++++ Given data
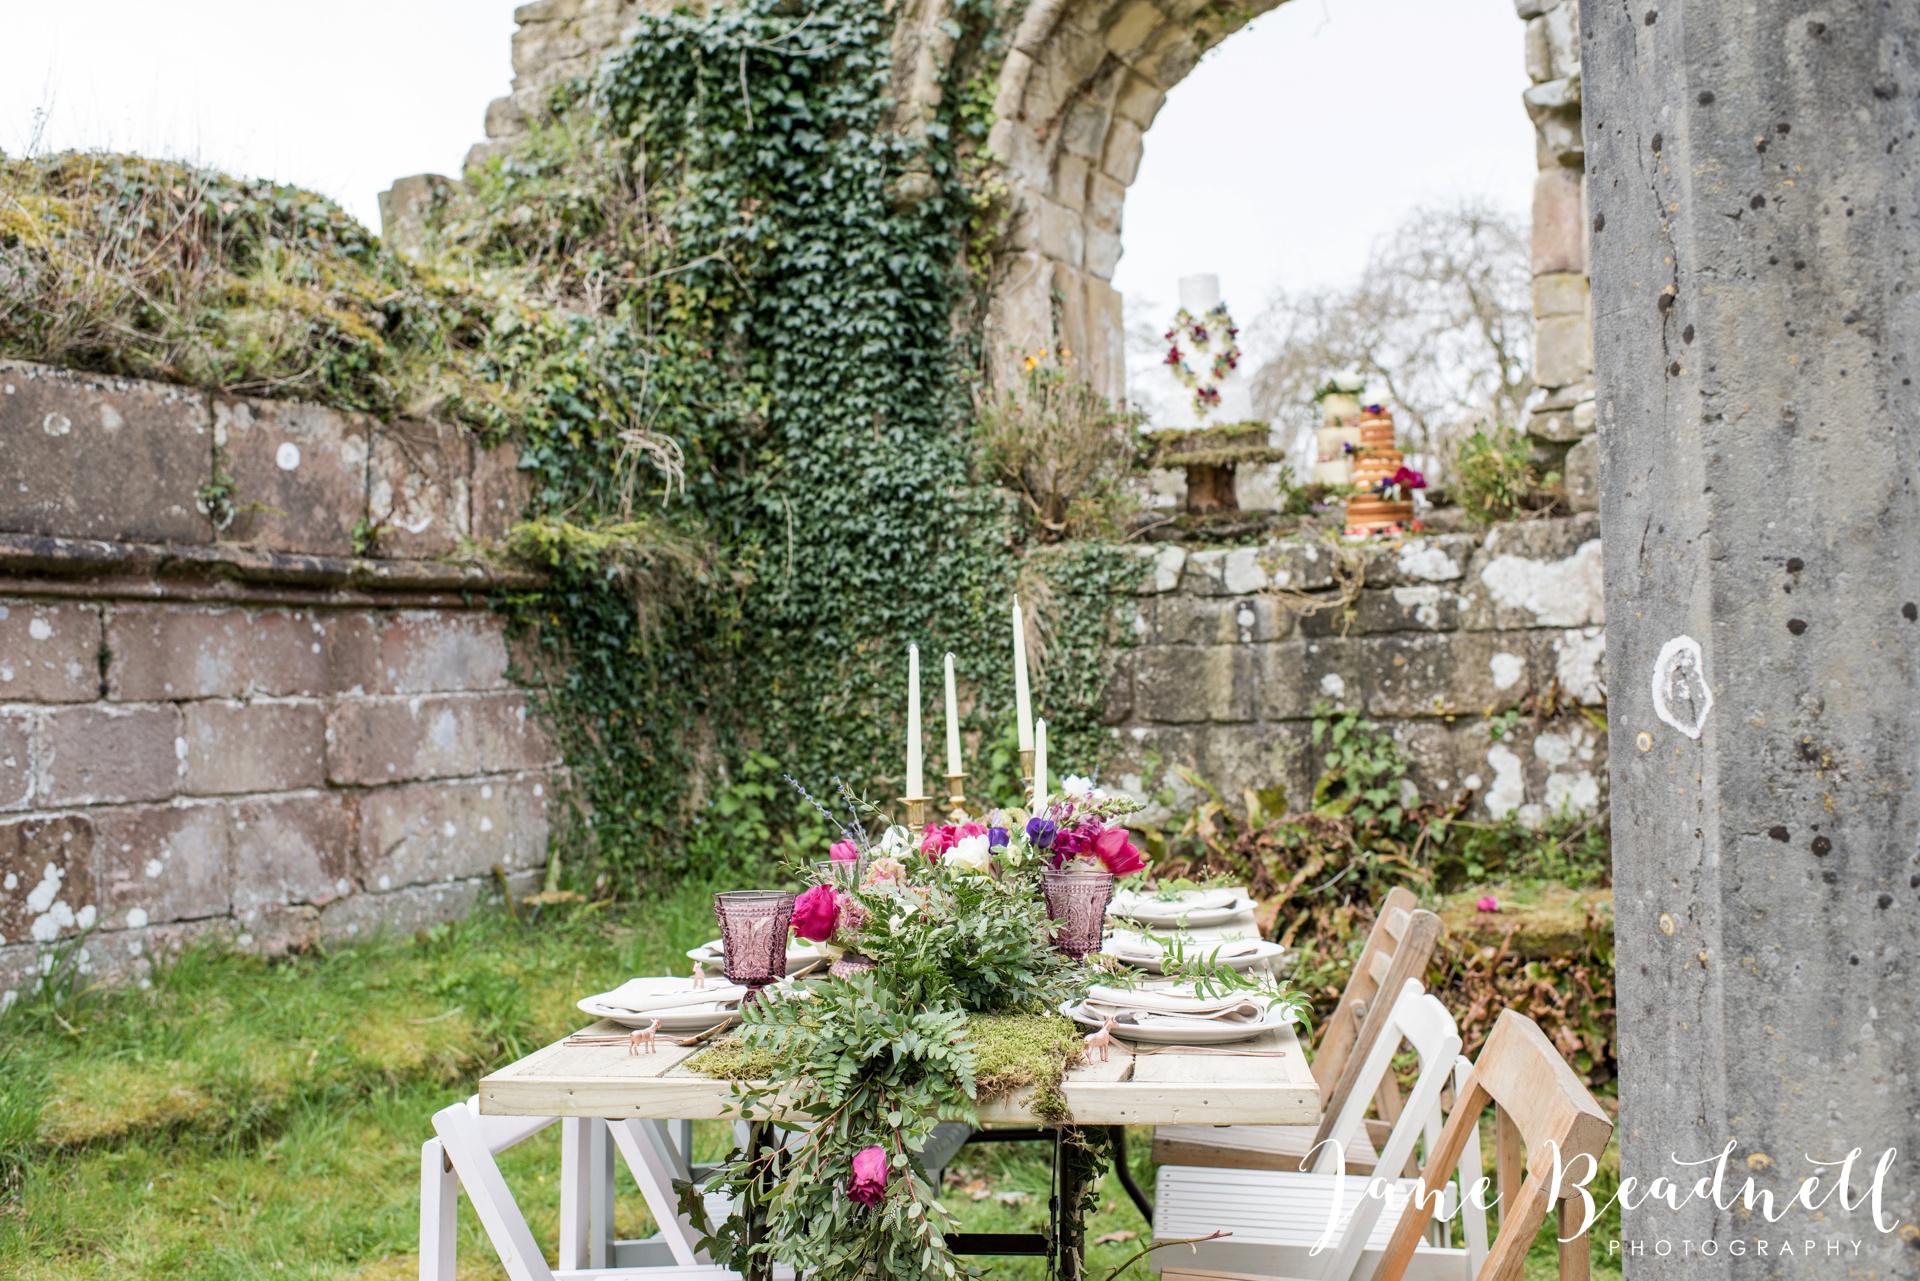 Jervaulx Abbey wedding photography fine art Yorkshire wedding photographer jane beadnell_0014
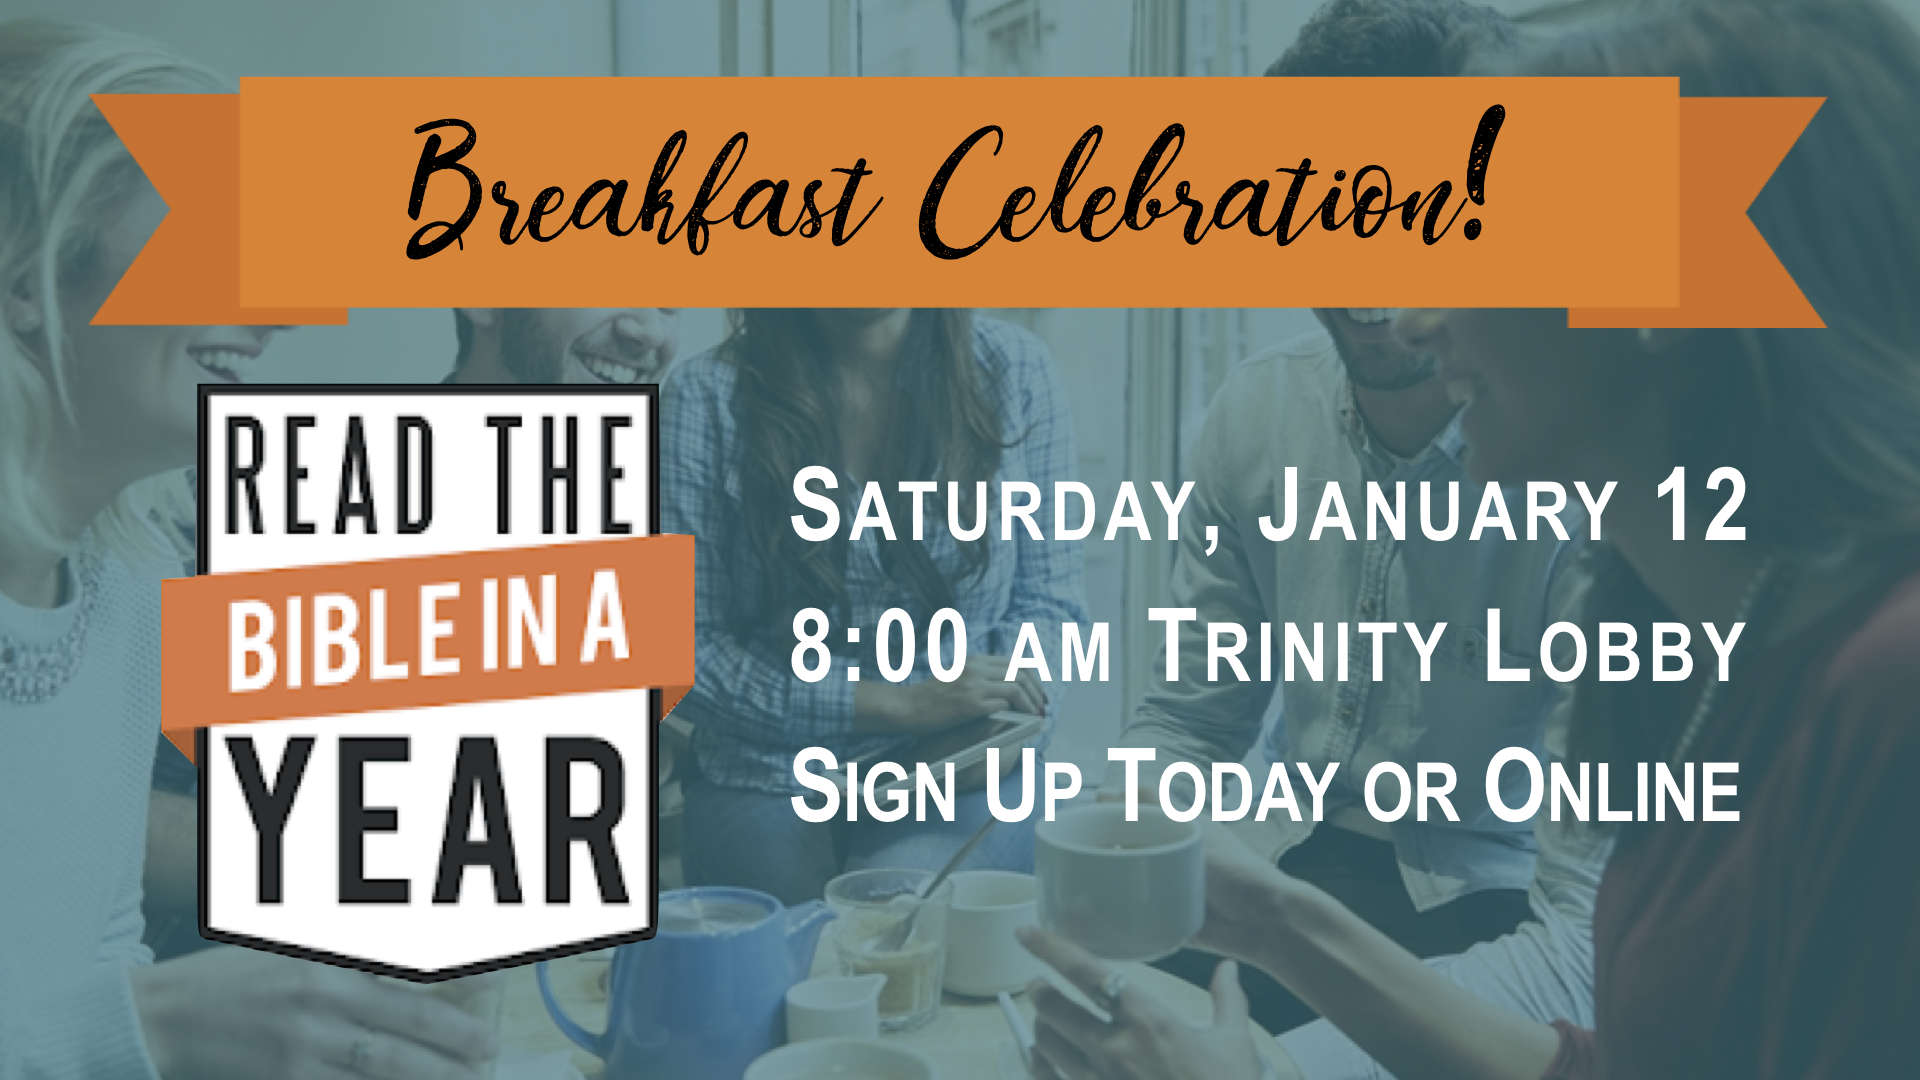 TCC Graphics - Breakfast:Bible Celebration.001.jpeg
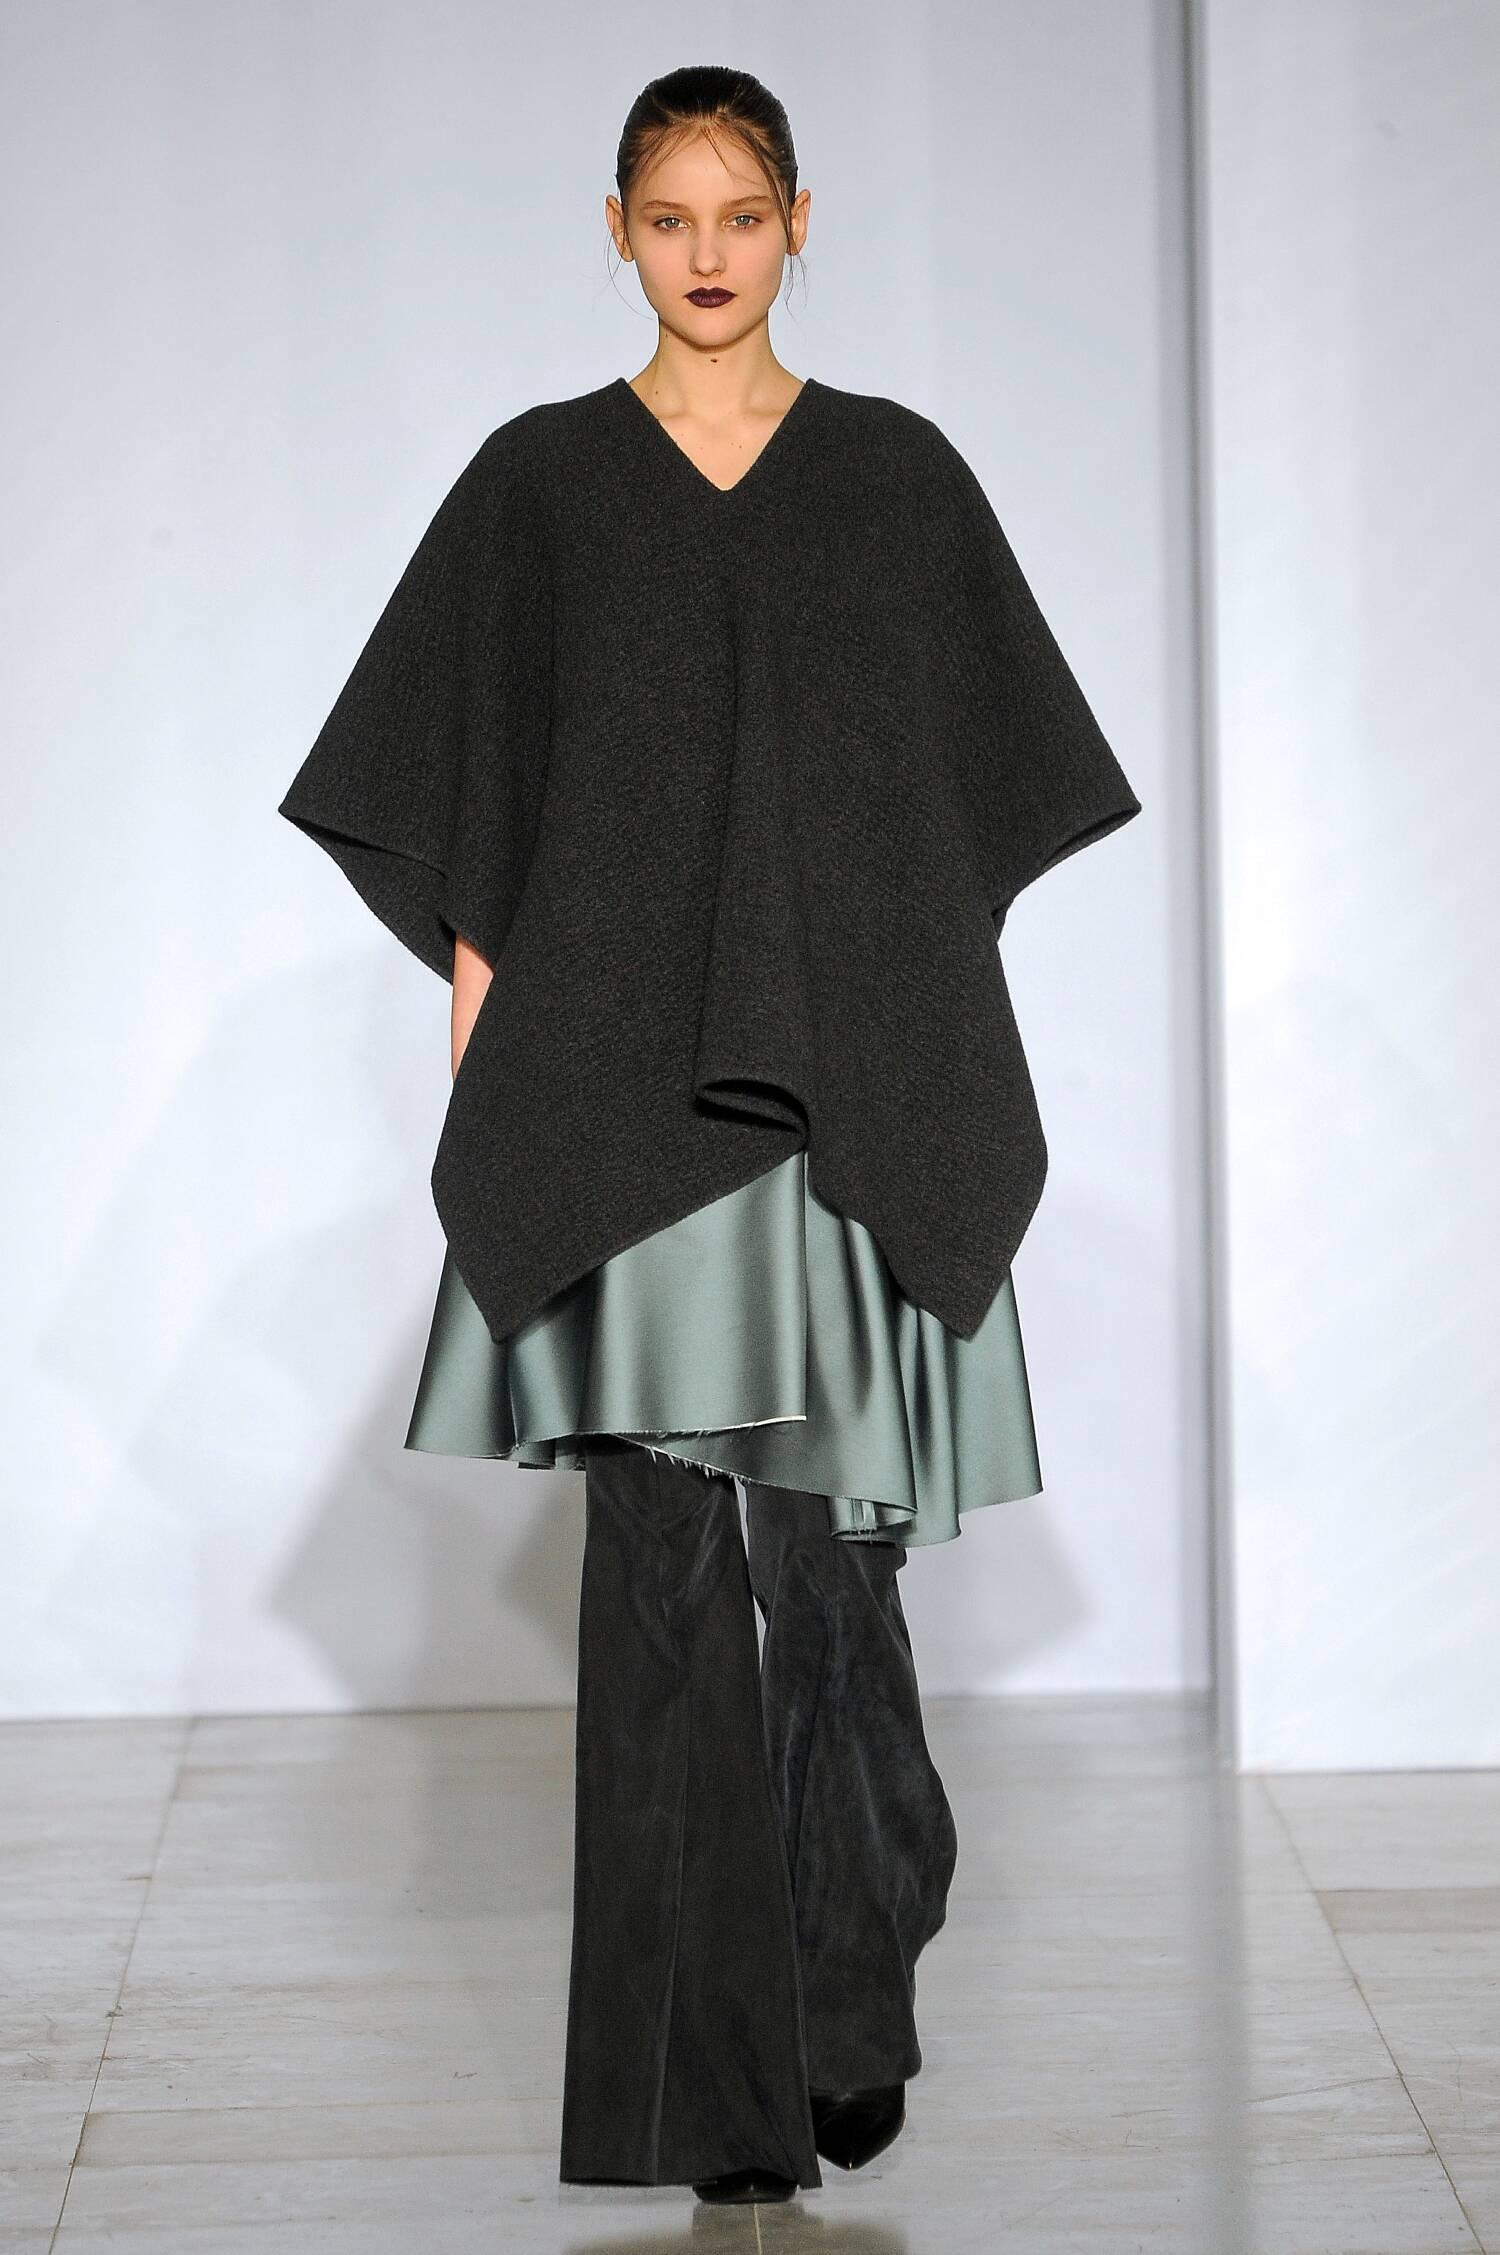 Yang Li Fall Winter 2015 16 Womenswear Collection Paris Fashion Week Fashion Show
++++++++
> [What to produce]: All that the answer may contain is the exact text of the lines from the one with "TCC Graphics - Breakfast:Bible" through the last line of the material, pictures excluded.

> [Exercise answer]:
 TCC Graphics - Breakfast:Bible Celebration.001.jpeg
 Yang Li Fall Winter 2015 16 Womenswear Collection Paris Fashion Week Fashion Show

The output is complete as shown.